Posted in Uncategorized | No Comments »
As a Christian & a human being, I am growing in my concern for justice issues throughout the world. I feel that most of my life, I have been oblivious to the needs of others, who lack some of the most simple things in life which I largely take for granted.
While this has escaped my concern for so long, I am actually grateful for some of the advances in technology & art. Example: I can no longer plead ignorance to the fact that right now there are around 300,000 children being coerced, forced or kidnapped to participate in armed conflicts throughout the world as child soldiers, most of them in Africa alone, since I went & saw Blood Diamond. I can’t say that I have no awareness that entire people group’s are having their simple rights as human beings trampled upon, because I spent over $150 to go see U2 in concert. The technology & art of today has made social concern and awareness an inescapable reality.
But what do I do about it?
Well, Jesus answered this question nearly 2,000 years ago. Jesus taught a parable called “The Good Samaritan.” Perhaps you’ve grown up with this story being told to you by well-intentioned parents & teachers as a “why-you-should-be-nice-to-people” story meets lecture. But, that is a sanitized understanding of what Jesus was communicating.
You see, in this Parable, there is a man who has been robbed, beaten & abandoned along a very dangerous road, miles away from any form of help. He was deprived of his material possessions, depleted of his physical strength & means to fend for himself, left alone in a hostile & distant environment.
Now along this road, three different men pass by him. The first two we are told are Jewish - one a priest, the other an assistant to the priests. Both of these men went out of their way to avoid him who had been left for dead.
The next person to come along is a Samaritan man, who attended to the fallen man. Jesus tells us that he not only “came to where he was,” but bandaged his wounds, put him on his donkey, took him to a hotel & took care of him by paying for his stay & any other needs he would have.

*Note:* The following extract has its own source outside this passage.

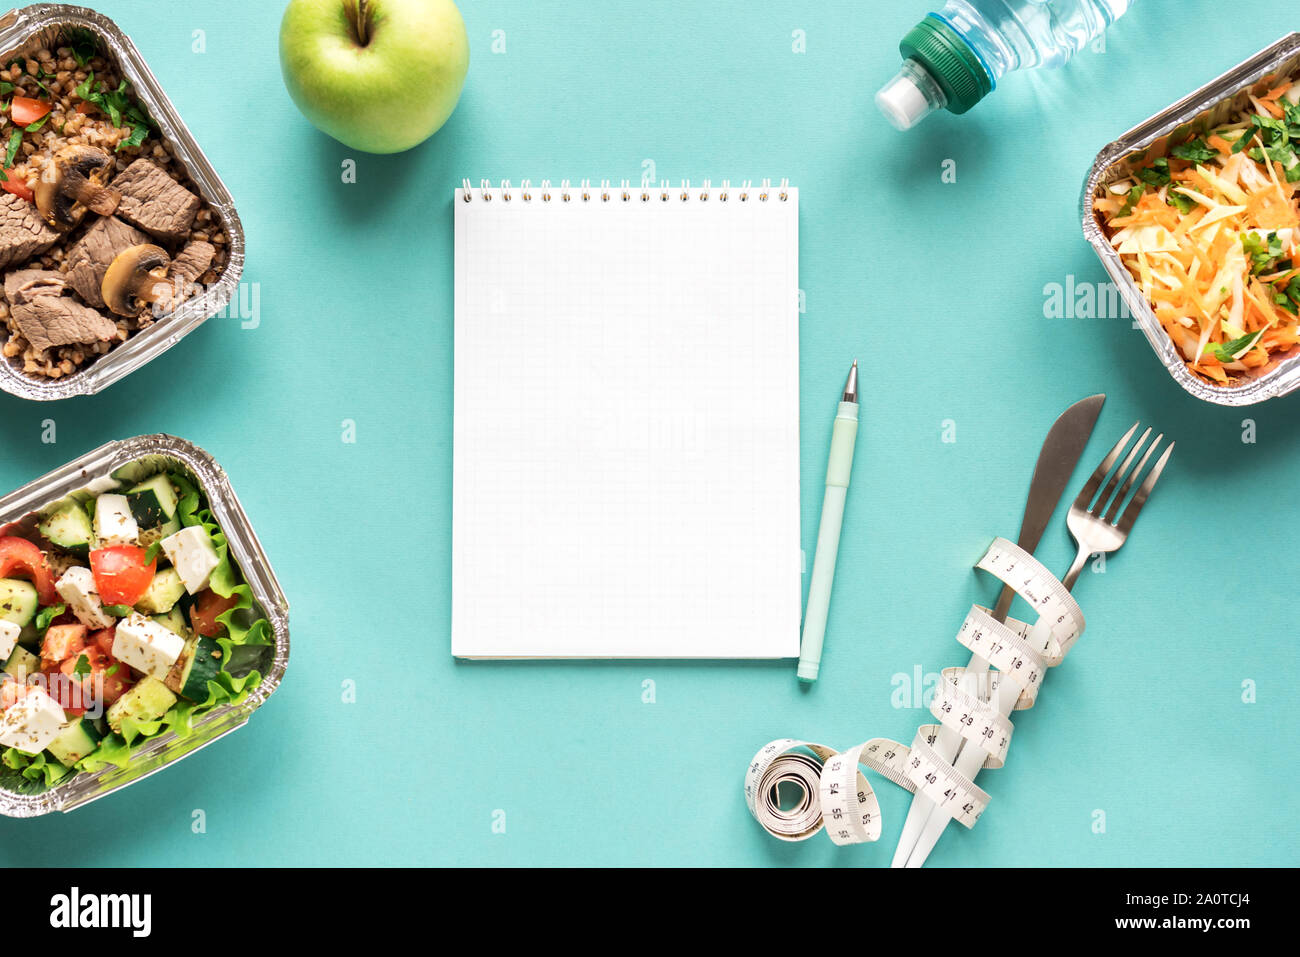 Ernährung Diät Plan flach mit Notebook, Wasser, Obst, gesunde Mahlzeiten und Maßband. Fitness Ernährung, gesunde Lebensweise, Ernährung Konzept auf Blu Stockfoto

Jesus looks at the crowd around him and asks, “Which of these three, do you think, proved to be a neighbor to the man who fell?” In Jesus’ day, Jews and Samaritans were as close to each other as oil & water - it didn’t happen. Their attitude toward each other was one of animosity, not neighborliness.
So what Jesus is communicating through this parable is really worldview shattering.
It isn’t enough to be a nice, good person. This is not what Jesus, or Christianity is supposed to be about. All who would take up the name “Christian” are to be about embracing the “other” in their plight, situation, station in life, in order to bring them into the pathway of God’s grace & redemption in the person & work of Jesus Christ.
To you Christians out there reading this & are starting to get fidgety, this is not a reworking of the “social gospel”; its just an articulation of what Jesus does for all who would trust in Him.
He is the one who takes on the plight, situation, & station of those who were His enemies (Colossians 1:21-23). He is the one who pursues & redeems them through his own self-sacrifice & condescension. He is the one who ultimately inconvenienced himself in order to bring his people into a renewed relationship with God.
I’m sure the two priests who left the Samaritan had good reasons to do so, even if it was self-preservation. But according to Jesus, being a true neighbor to those around you means you take on their concerns at your own expense. It isn’t enough to go about your day when you see the plight of your fellow man around you. What’s even more staggering is that Jesus says that this the key to the fulfilling what God wants of his people - both new & old. The summation of God’s “law” is to “love the Lord your God with all your heart, soul, mind & strength and to love your neighbor as yourself,” (Matthew 22:34-40).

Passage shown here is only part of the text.